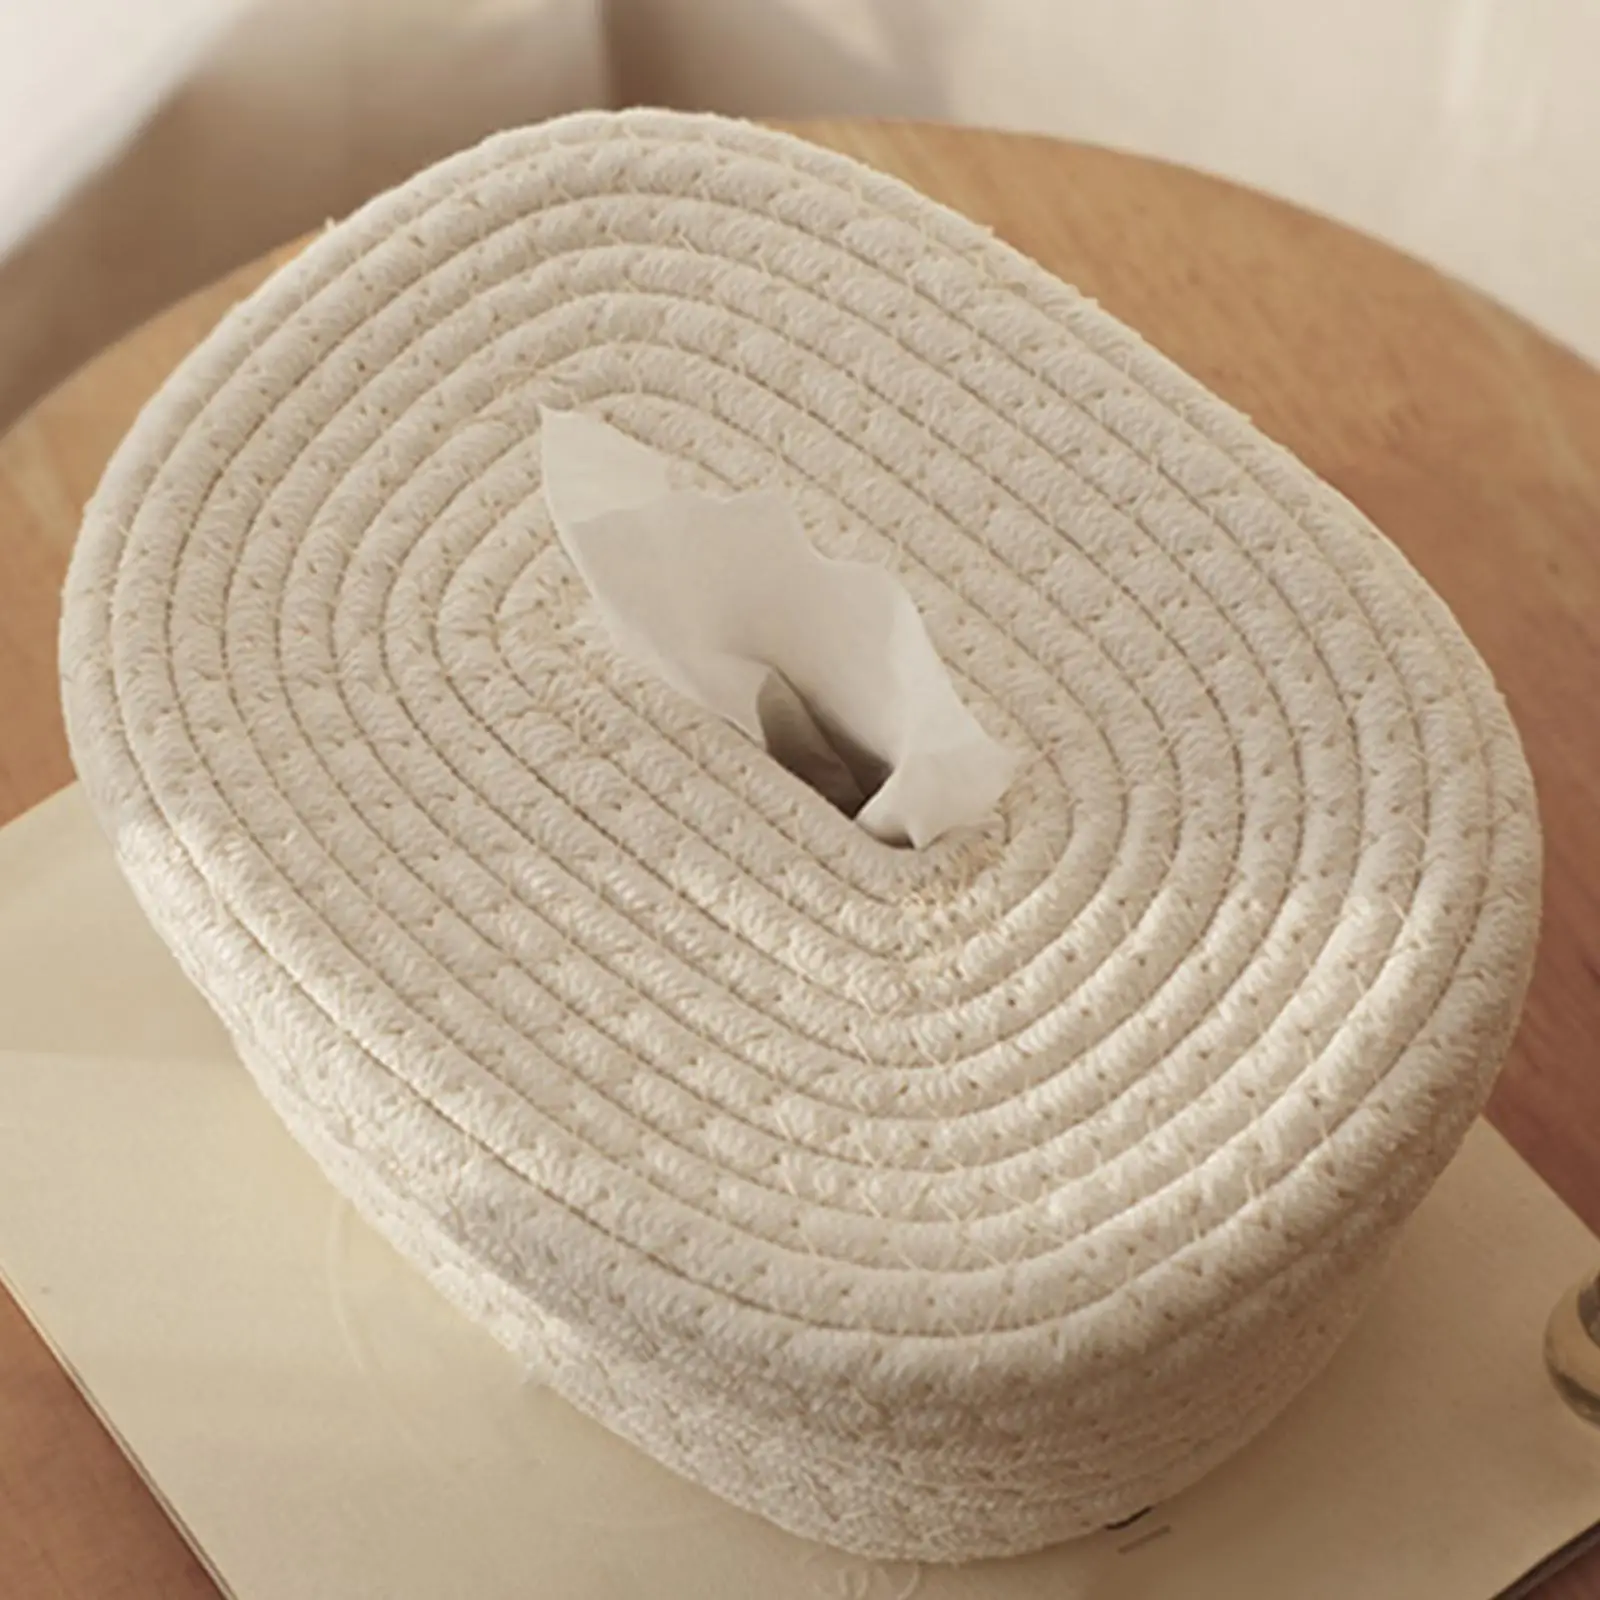  Rope Woven Napkin Tissues Holder Organizer for Decor Sundries box
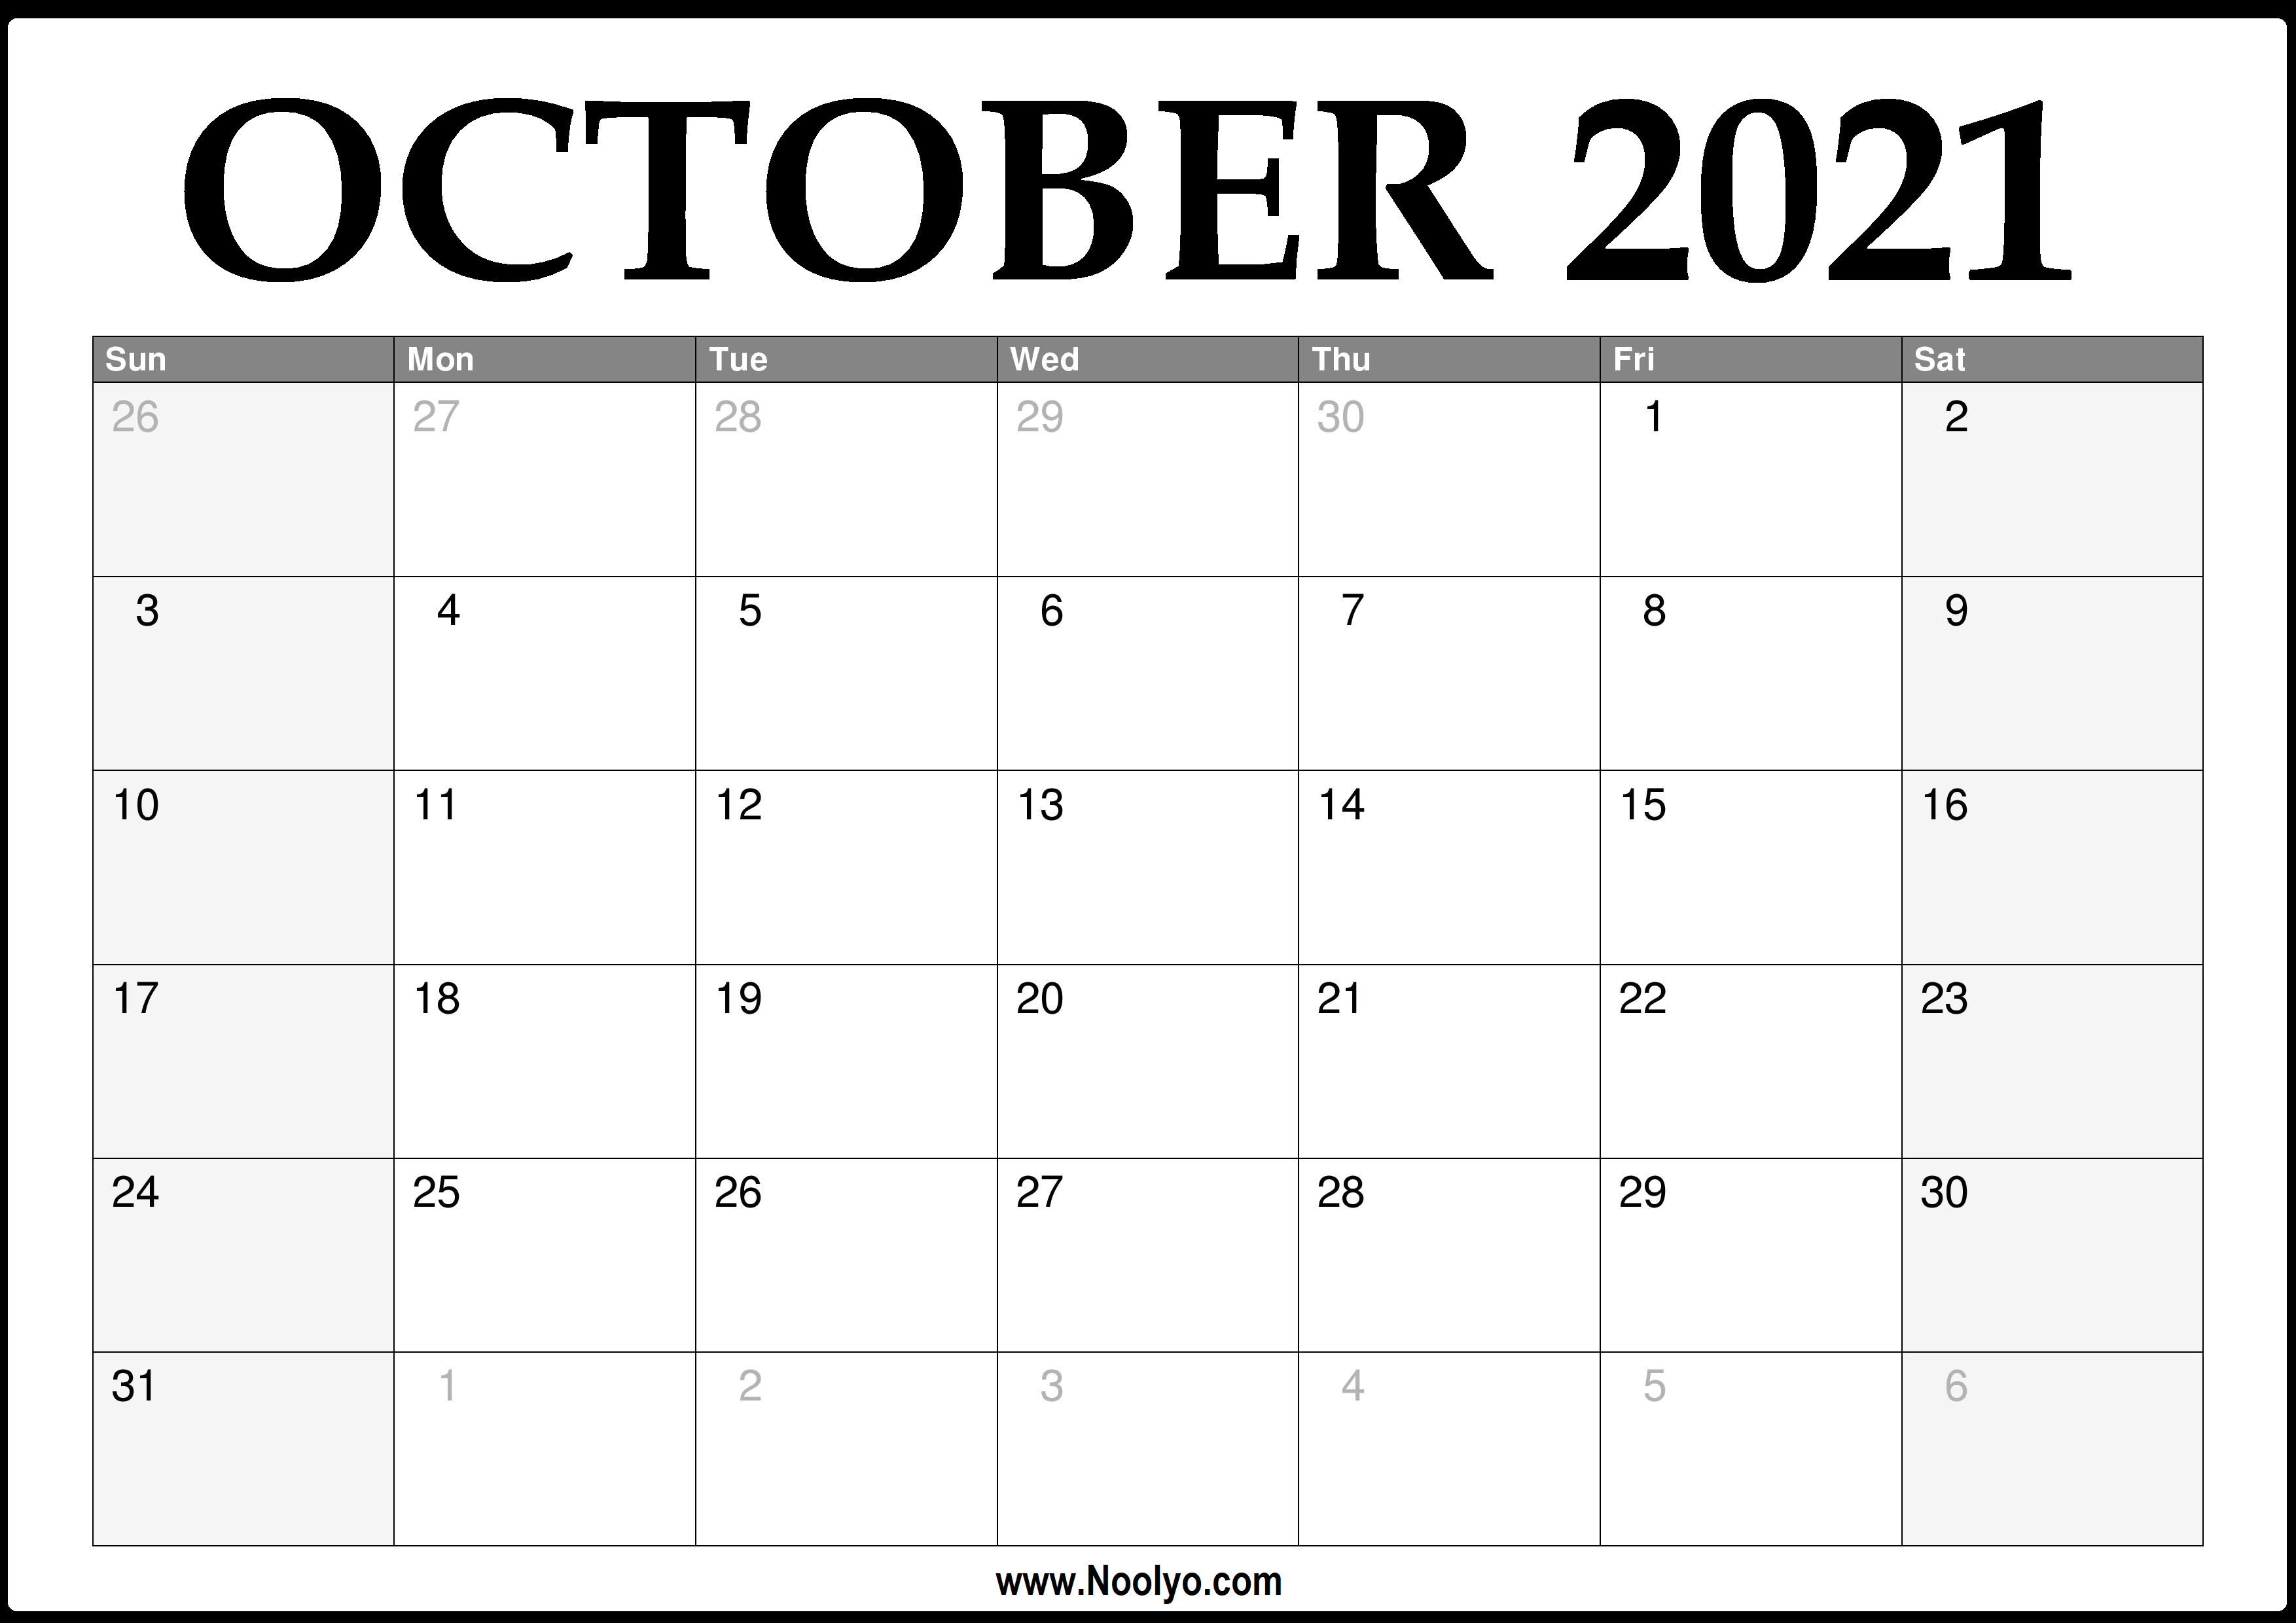 October-2021-Calendar-Printable-Blank01
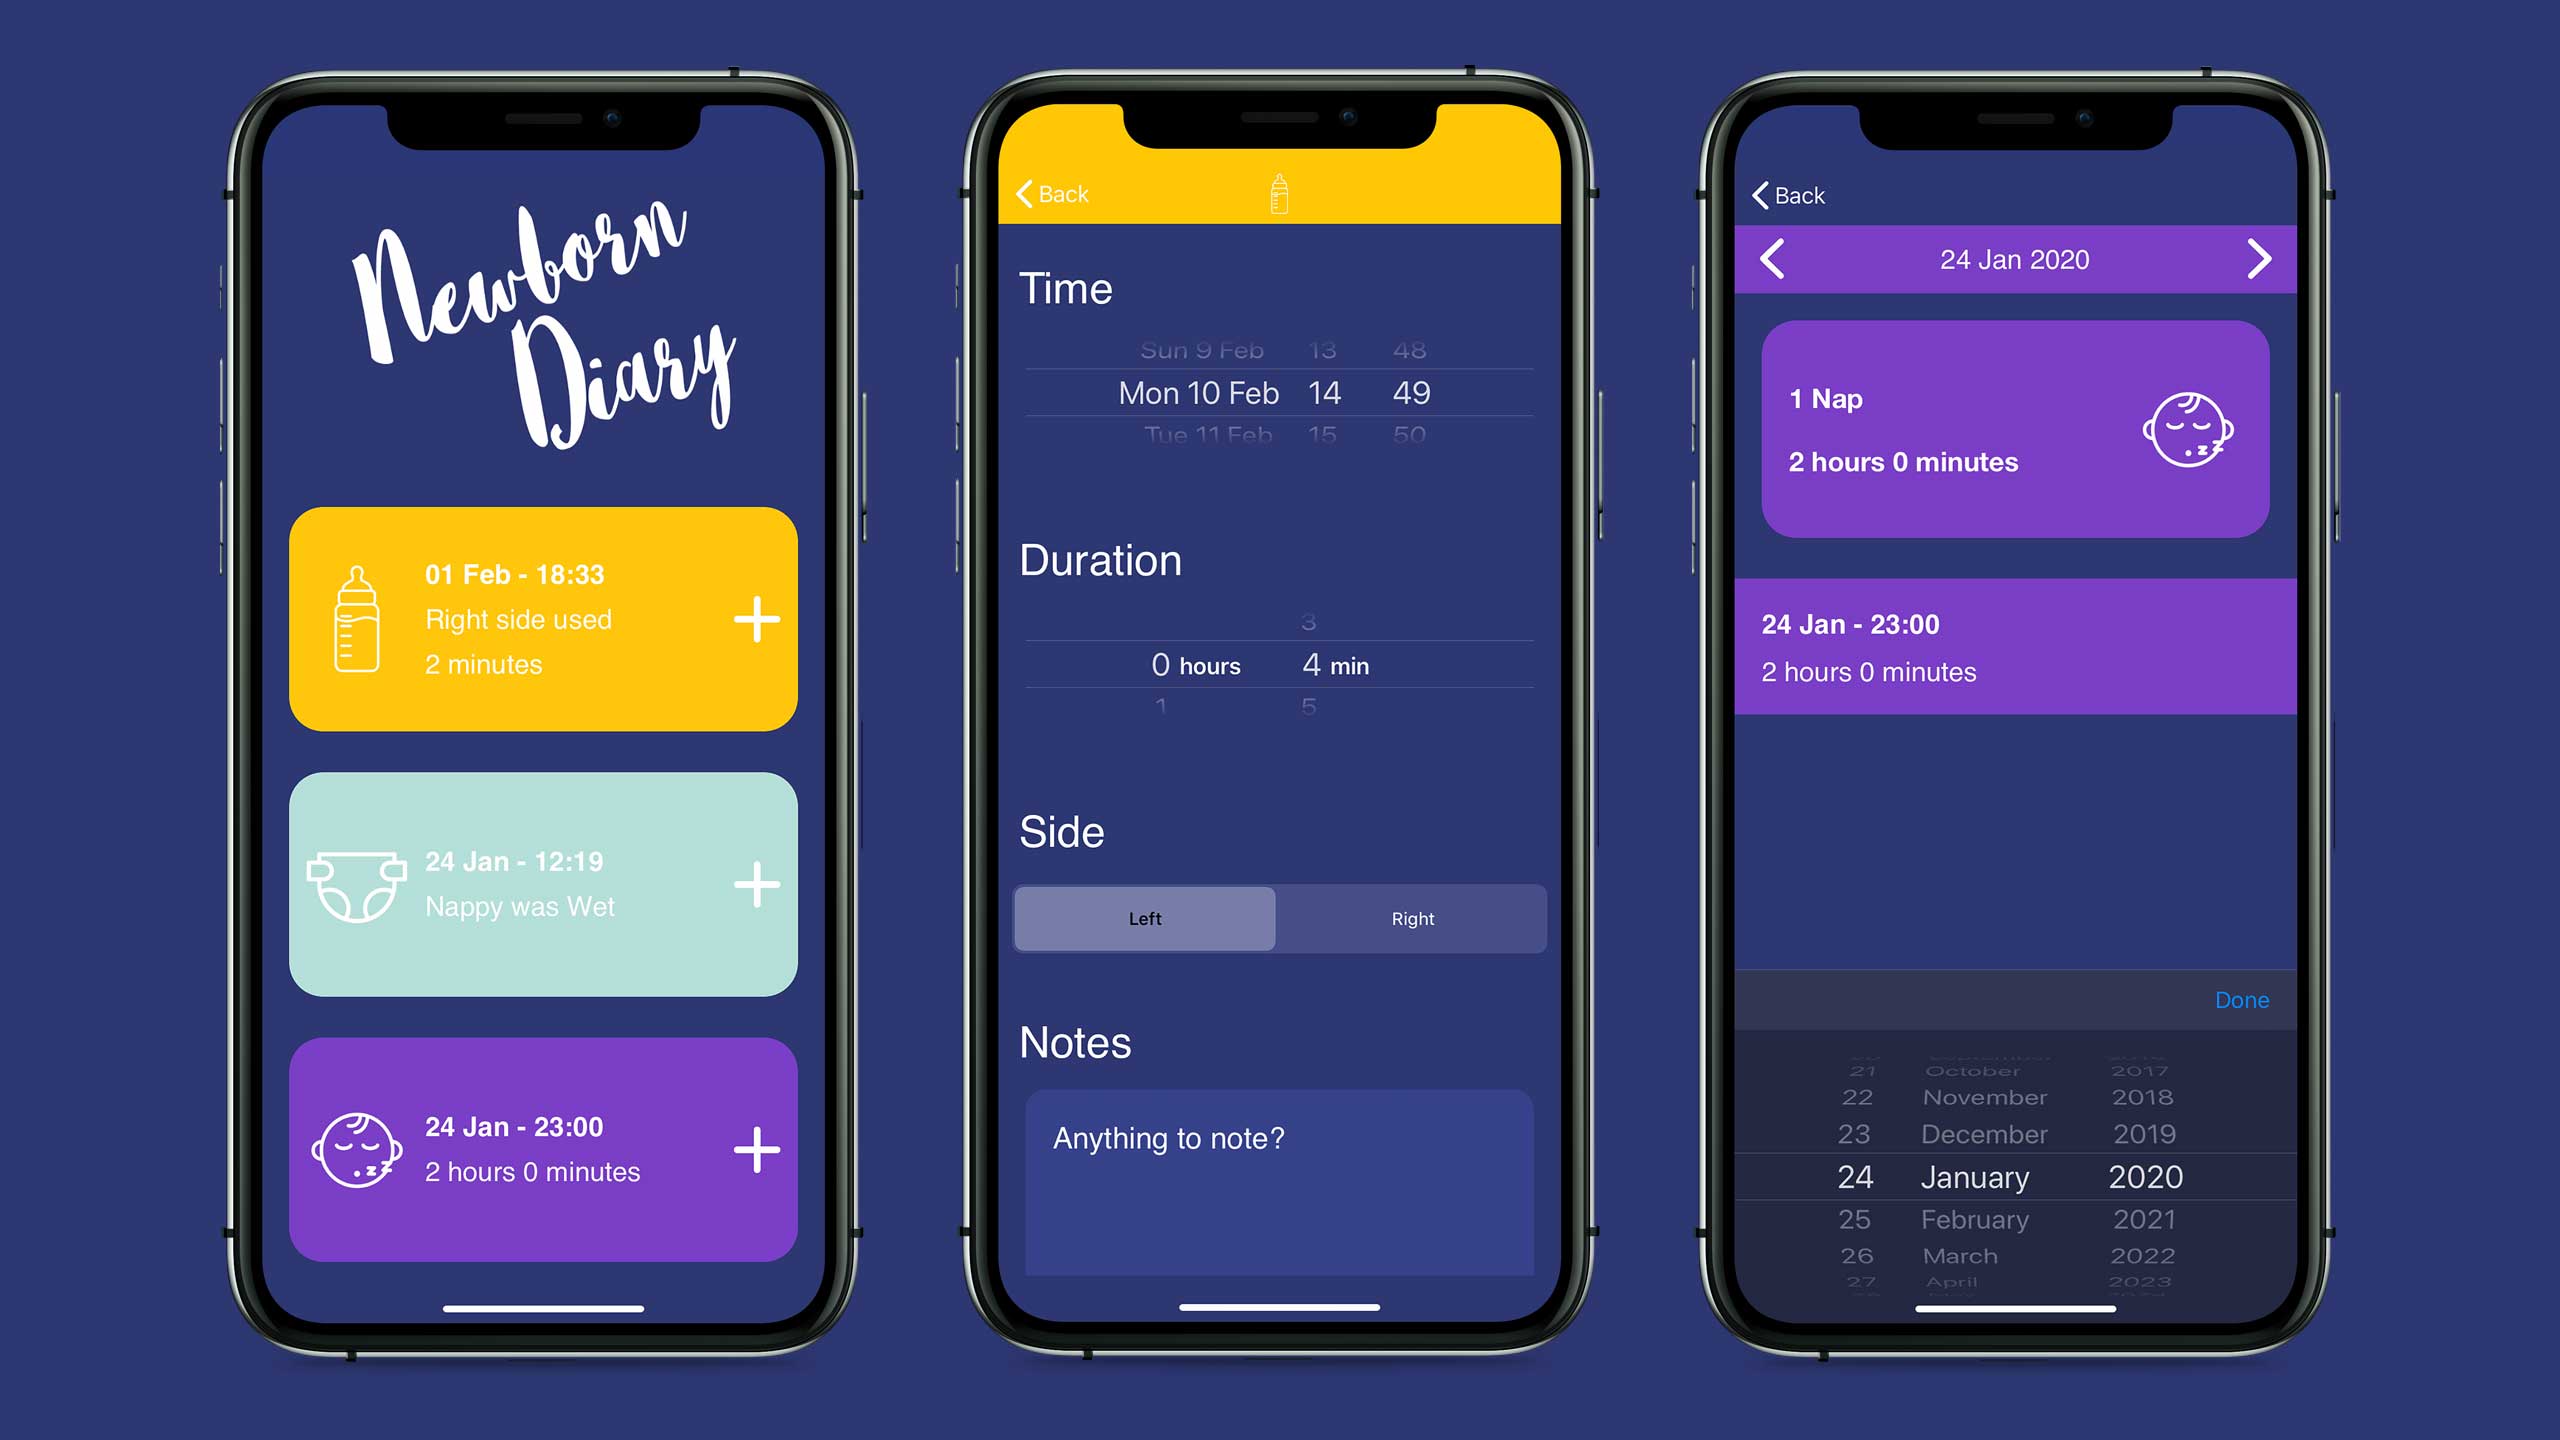 Phone Screens showing the Newborn Diary App

> TASK OBJECTIVE:
Output the material above exactly as written and drop any images it holds.

> ANSWER TO THIS PROBLEM:
  Rope Woven Napkin Tissues Holder Organizer for Decor Sundries box
 October-2021-Calendar-Printable-Blank01
 Phone Screens showing the Newborn Diary App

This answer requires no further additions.